Satellite also declined slightly and cable connections grew by just under 4 per cent.

The figures reveal that Australians downloaded 1.71 million terabytes — or 1.7 exabytes — in the three months ending 31 December 2015.

That represents an almost 50 per cent increase on the quarter ending 31 December 2014. Looking only at fixed broadband connections, downloads grew by more than 50 per cent during the period, from 1,112,379TB to 1,673,123TB for the quarter.

The ABS download statistics are based on figures from ISPs with more than 1000 subscribers.
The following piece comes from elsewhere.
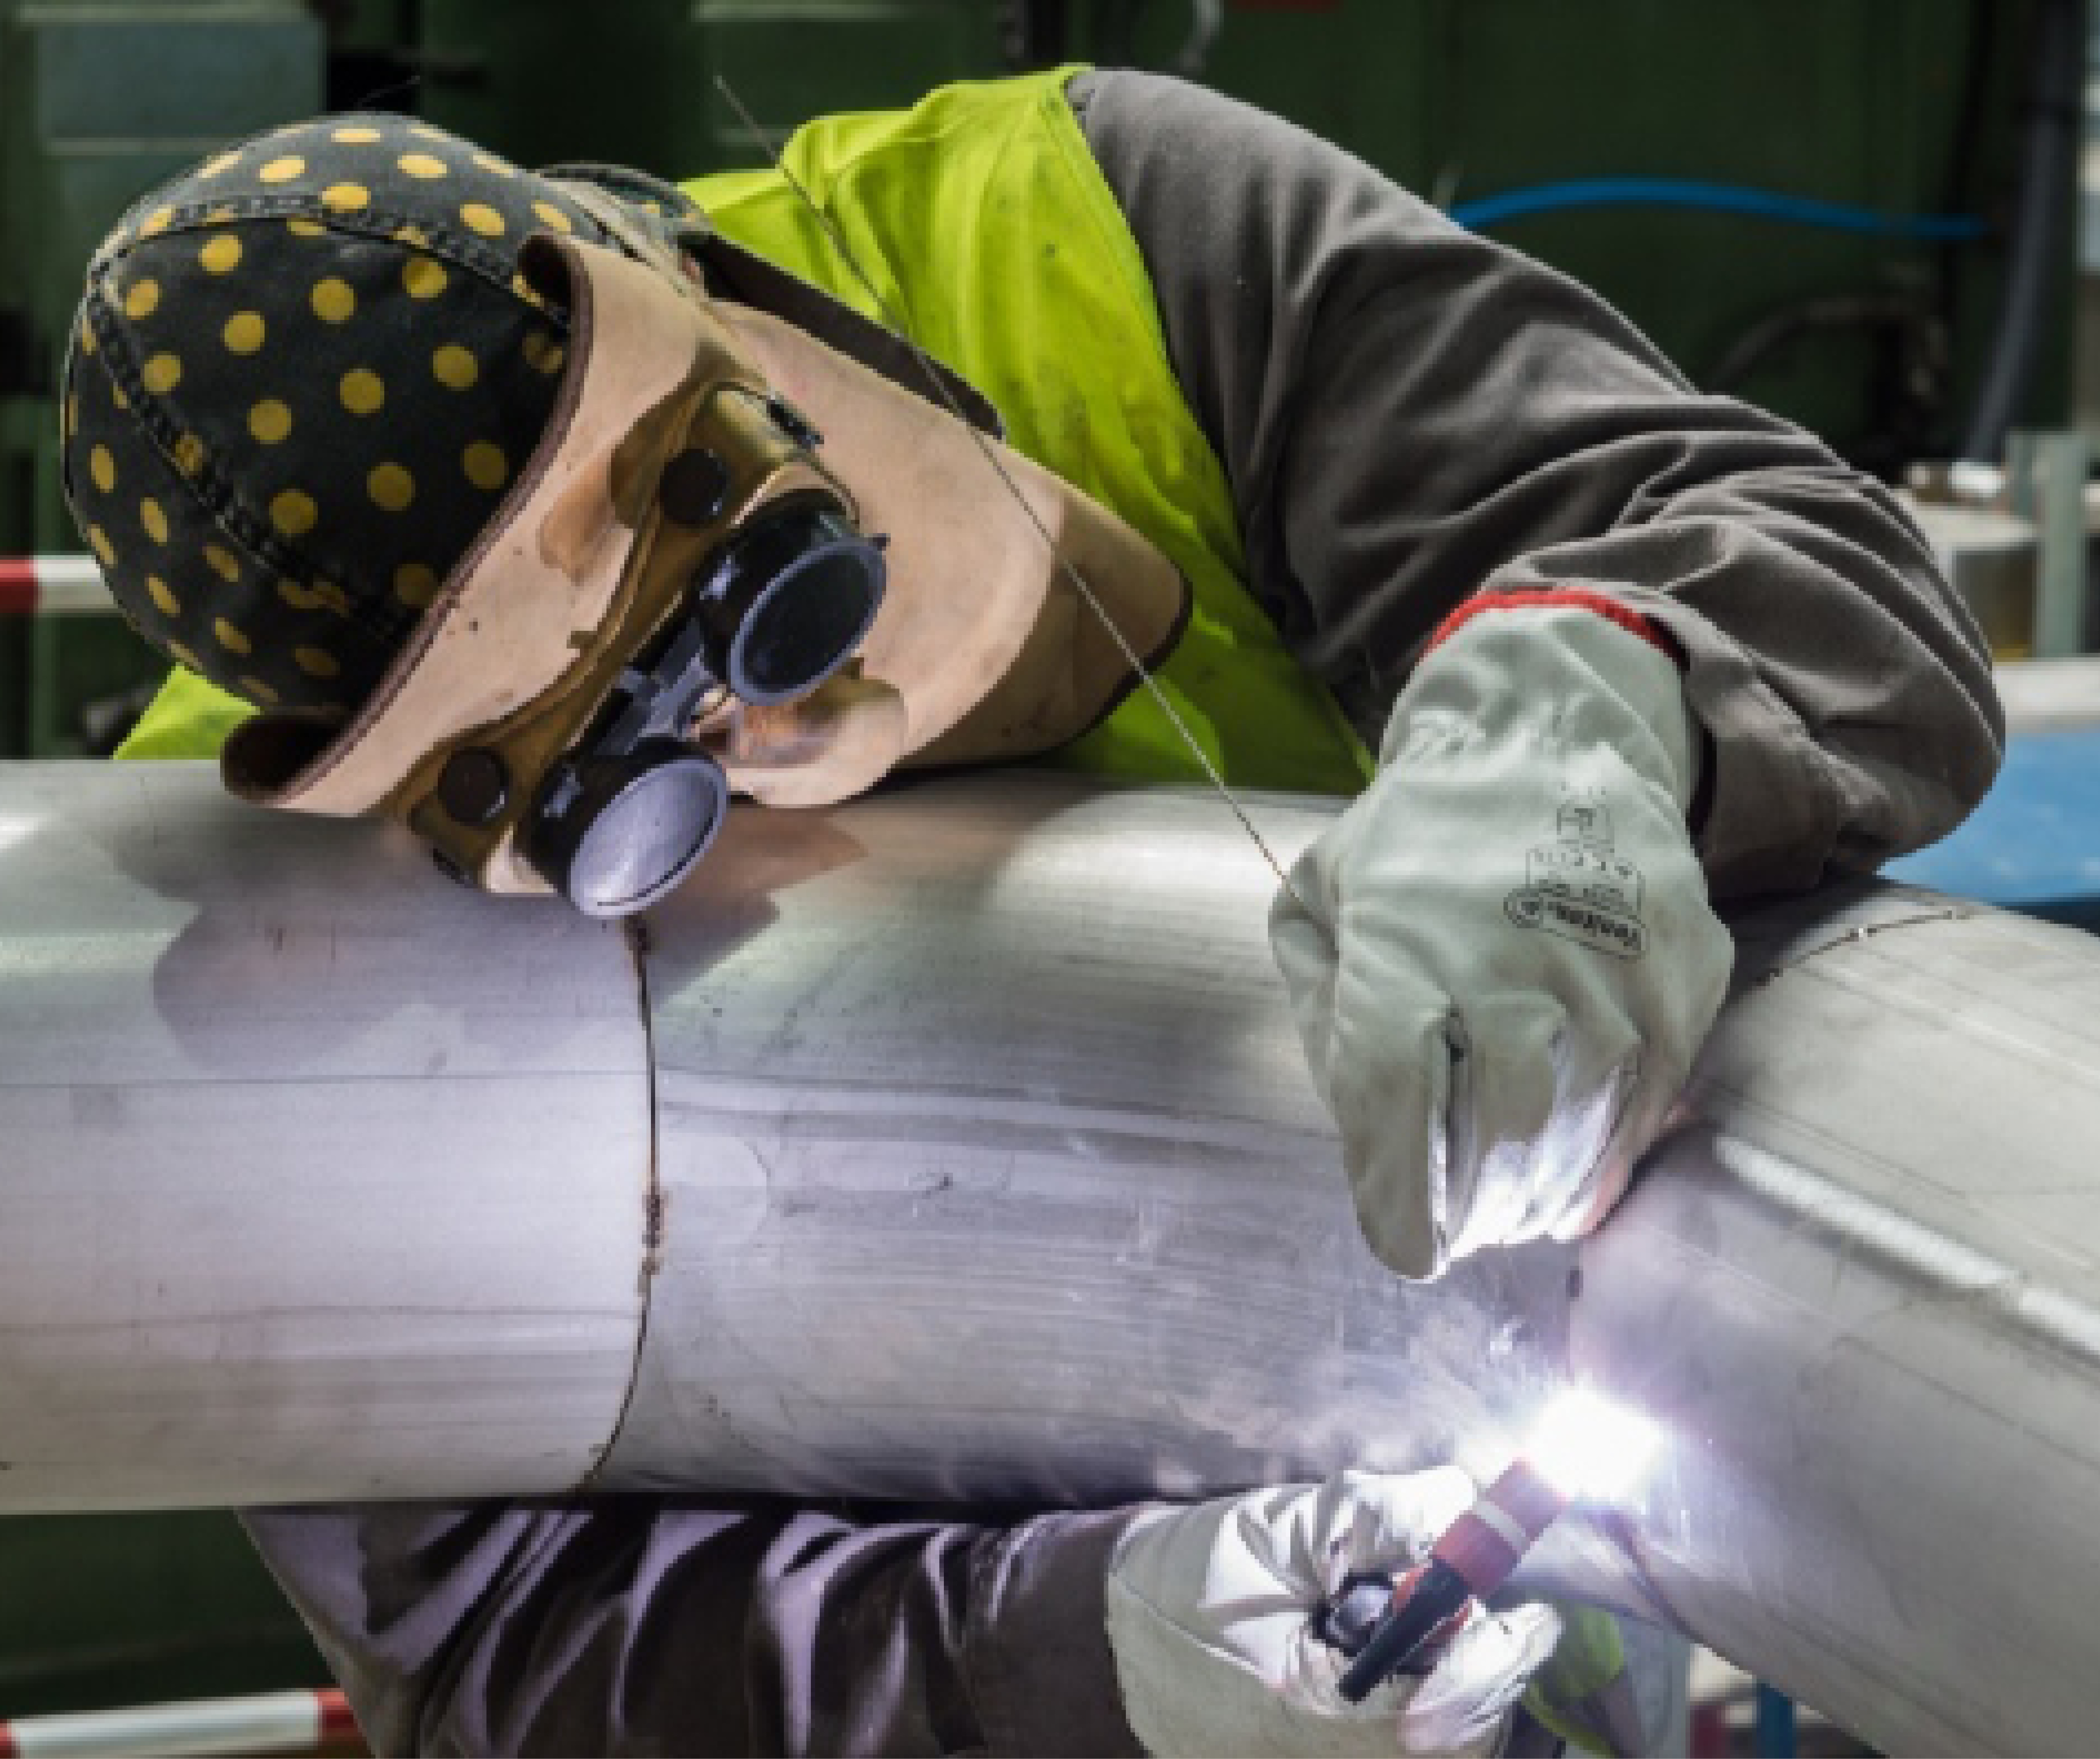 Manual TIG welding versus automated orbital TIG welding

In total there were 12,853,000 Australian broadband connections, the report said.

NBN download growth outstripped the Australian average during the period, figures released by the company reveal.

At the end of December last year the average monthly downloads per end user on the National Broadband Network reached 112GB, representing growth of over 67 per cent from December 2014.

In addition, figures from NBN also reveal the average total uploads reached 16GB per user per month at the end of 2015.

“The significant increase in usage over the NBN network tells us the more bandwidth Australians have, the more content we want to consume,” NBN’s chief technology officer, Dennis Steiger, said in a statement.

“With forecasts showing the amount of connected devices is predicted to grow from nine to 29 by 2020, access to fast broadband will be critical in allowing us to continue to enjoy uninterrupted viewing on multiple devices at the same time.”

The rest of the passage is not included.